Glossa

Pathological term names

This fixture stresses the longest-first rule, term-name characters that collide with the surrounding markup, and overlap cases where one term is a prefix of another.

Overlapping prefixes

The three Tier\* terms — Tier, Tier 1, and Tier 1 endpoint — must each occur in the prose without one shadowing another. When the walker sees "Tier 1 endpoint" in the text, the Tier 1 endpoint mark must win the race. A reader scanning down should see all three marks at the appropriate moments — "Tier" alone in one paragraph, "Tier 1" in another (without being absorbed by "Tier"), and "Tier 1 endpoint" in a third (without being absorbed by either shorter form).

Similarly stop and stopword overlap. set and Set-Cookie overlap with case-sensitivity in play. key-value and key-value store overlap with whitespace boundary in play. JSON-RPC and JSON-RPC 2.0 overlap with version-suffix boundary in play.

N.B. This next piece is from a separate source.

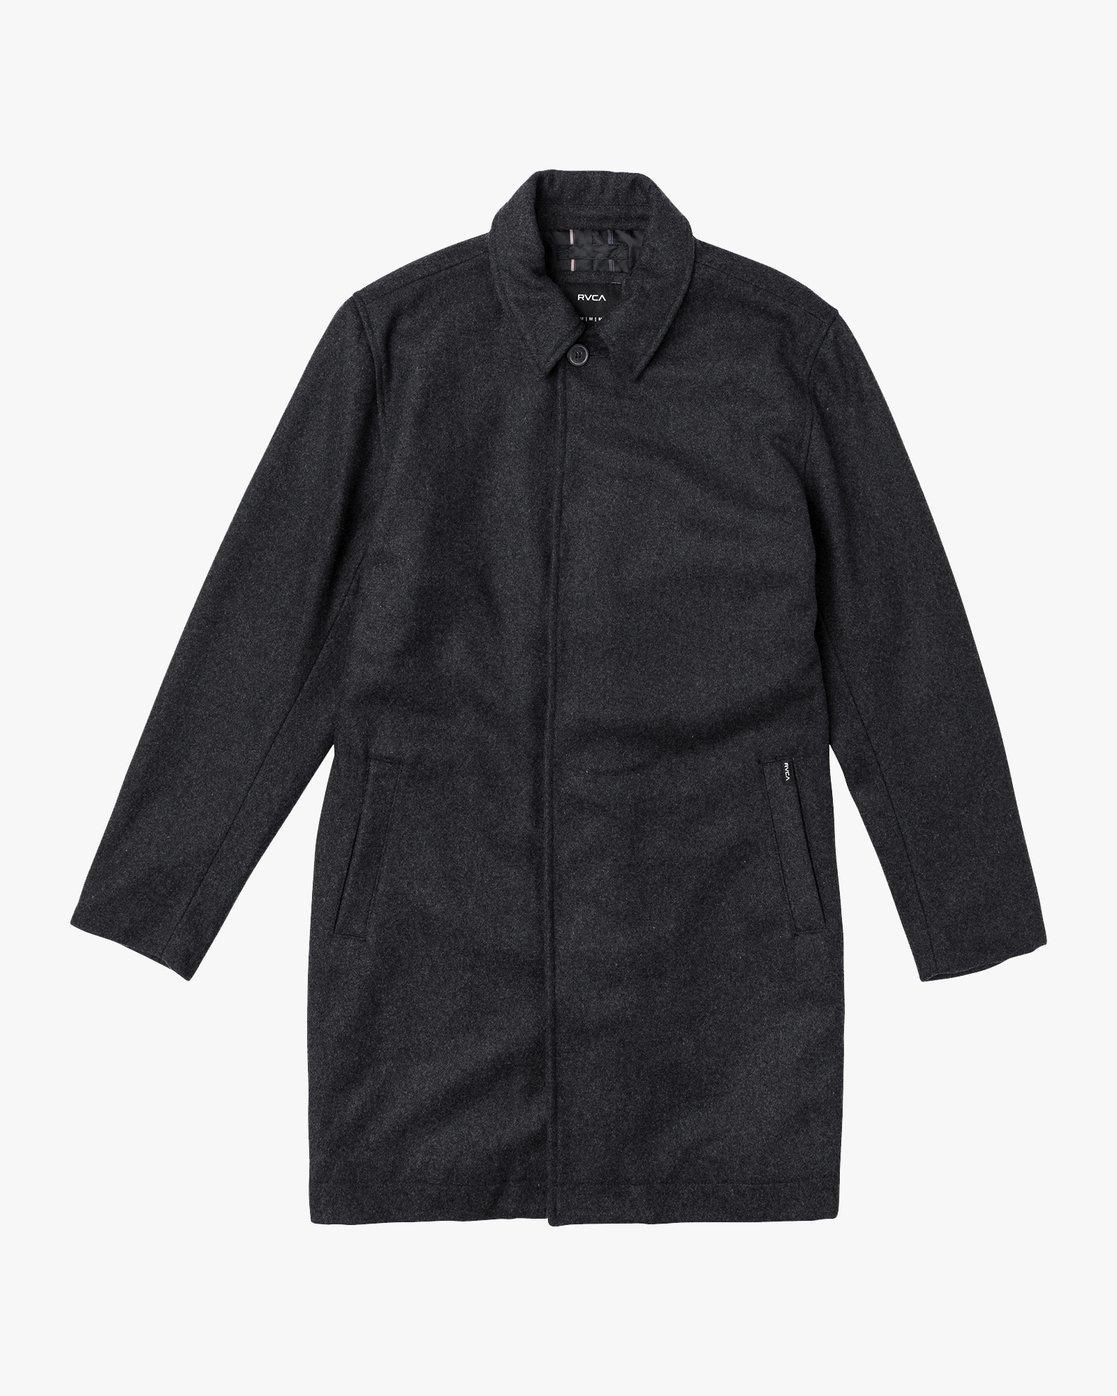 0 Mac  - Wool Coat  Q1JKRCRVF9 RVCA

ML pipeline and ML pipeline v2 overlap with version-suffix.

A paragraph mentioning all of them: when you ship a key-value store backed by JSON-RPC 2.0, you'll want to stop the request at the edge if it carries a stopword, and you'll want to set the Set-Cookie header carefully. The ML pipeline v2 ingests this stream; the ML pipeline (the predecessor) does not. Tier 1 endpoint customers see the new pipeline; Tier 1 customers see the old one; Tier customers — that is, all customers in any tier — see nothing here.

Terms that collide with HTML element names

Two terms in this fixture are named after HTML elements: table and code.

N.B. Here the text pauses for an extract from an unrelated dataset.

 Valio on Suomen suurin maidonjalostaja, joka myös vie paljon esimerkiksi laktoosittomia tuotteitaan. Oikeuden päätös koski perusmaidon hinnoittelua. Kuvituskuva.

The term table appears in prose like "the data table format" and "set the table". The walker must mark the word "table" in surrounding text without re-entering an actual <table> element. Below is an actual table that contains the word "table" in a cell — the cell text should still get marked, but only on its first wrap.

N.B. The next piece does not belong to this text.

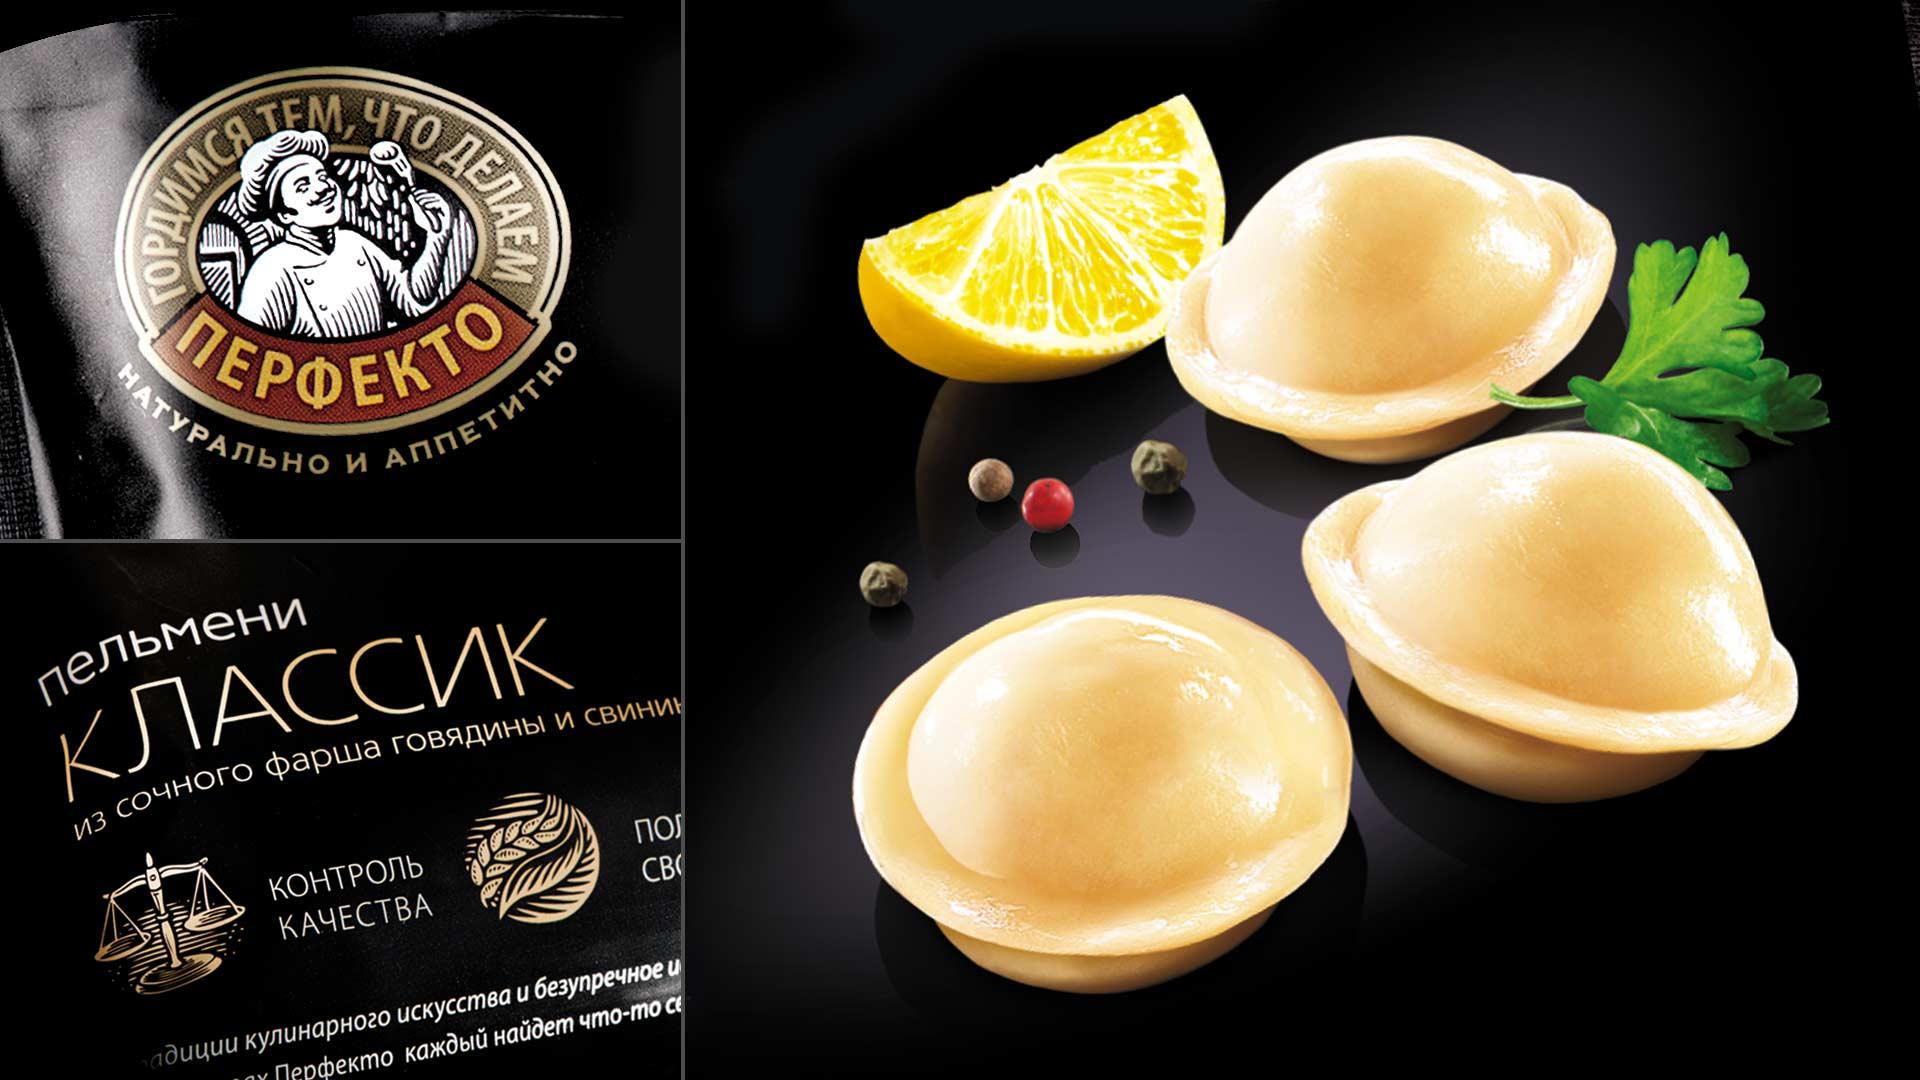 Детали упаковки нового бренда пельменей премиум-класса

TypeNotes about the tableExample
flatThe table is a flat layout.rows × columns
nestedA table inside a table cell.not used in this fixture
emptyThe table has no rows.edge case

The term code appears in prose like "below is a code example" and "the code review process". A fenced code block follows; text inside the fence should NOT be marked (it's <code> content):


This is a code block. The word "code" appears here three times: code, code, code.
The walker should skip every word inside this fence.

Inline code with the word in it: the code variable holds a string. Inline <code> is also a no-mark zone.

After the code fence, prose resumes — "Now we are back to normal prose where the word code should be marked again."

Regex-meta and punctuation in term names

C# is a term with a # in it. F' has an apostrophe. The walker's regex builder must escape these characters when constructing the pattern. Naive concatenation produces broken regexes that either fail to match or match too much.

In a sentence: developers writing C# bindings for the F' framework occasionally complain that the symbol C# clashes with the URL fragment syntax in MDX rendering.

Single-character terms

K is a single-character term. Single-character terms are dangerous — every K-shaped letter risks getting marked. The fixture deliberately puts K in many positions: K, k, Kk, kK, OK, KOA, KKK. Policy in plan/00_processor.md says the walker uses word-boundary matching for single-char terms; this fixture exercises that.

In a sentence: the constant K (uppercase only) is the cosine-similarity threshold. The lowercase k is just a letter. The word OK contains a K but is not the term K. KKK is three Ks but should mark three times if word-boundary policy allows.

Common English words as terms

data is a common English word. The fixture says "data" many times: the data ingestion pipeline, the data lake, your data is your data, what data does data hold? Marking every occurrence would drown the rail. Policy in plan/02reviewui.md says common-word terms get a "review needed" flag at extraction time but, once accepted, are marked normally. This fixture exercises the marking, not the flagging.

Hyphenated and version-suffixed names

JSON-RPC vs JSON-RPC 2.0. ML pipeline vs ML pipeline v2. key-value vs key-value store. stop vs stopword. These pairs each test that the longer form beats the shorter form when both are candidates at the same text position.

ASCII art and verbatim content

ASCII art appears in this paragraph. It also appears inside a fenced block below, where it should NOT be marked:


ASCII art is fun: ___
                 /   \   ASCII art
                 \___/

After the fence, ASCII art prose resumes and should mark again.

Density wrap-up

This fixture is short on word count but heavy on adversarial term-name patterns. The 20 terms in the glossary should each get at least one mark in the post-hydration DOM. The expectedTerms array in manifest.json lists them by id; the assertion suite walks the rail rows and confirms each id is present with at least one matched <mark> in the prose.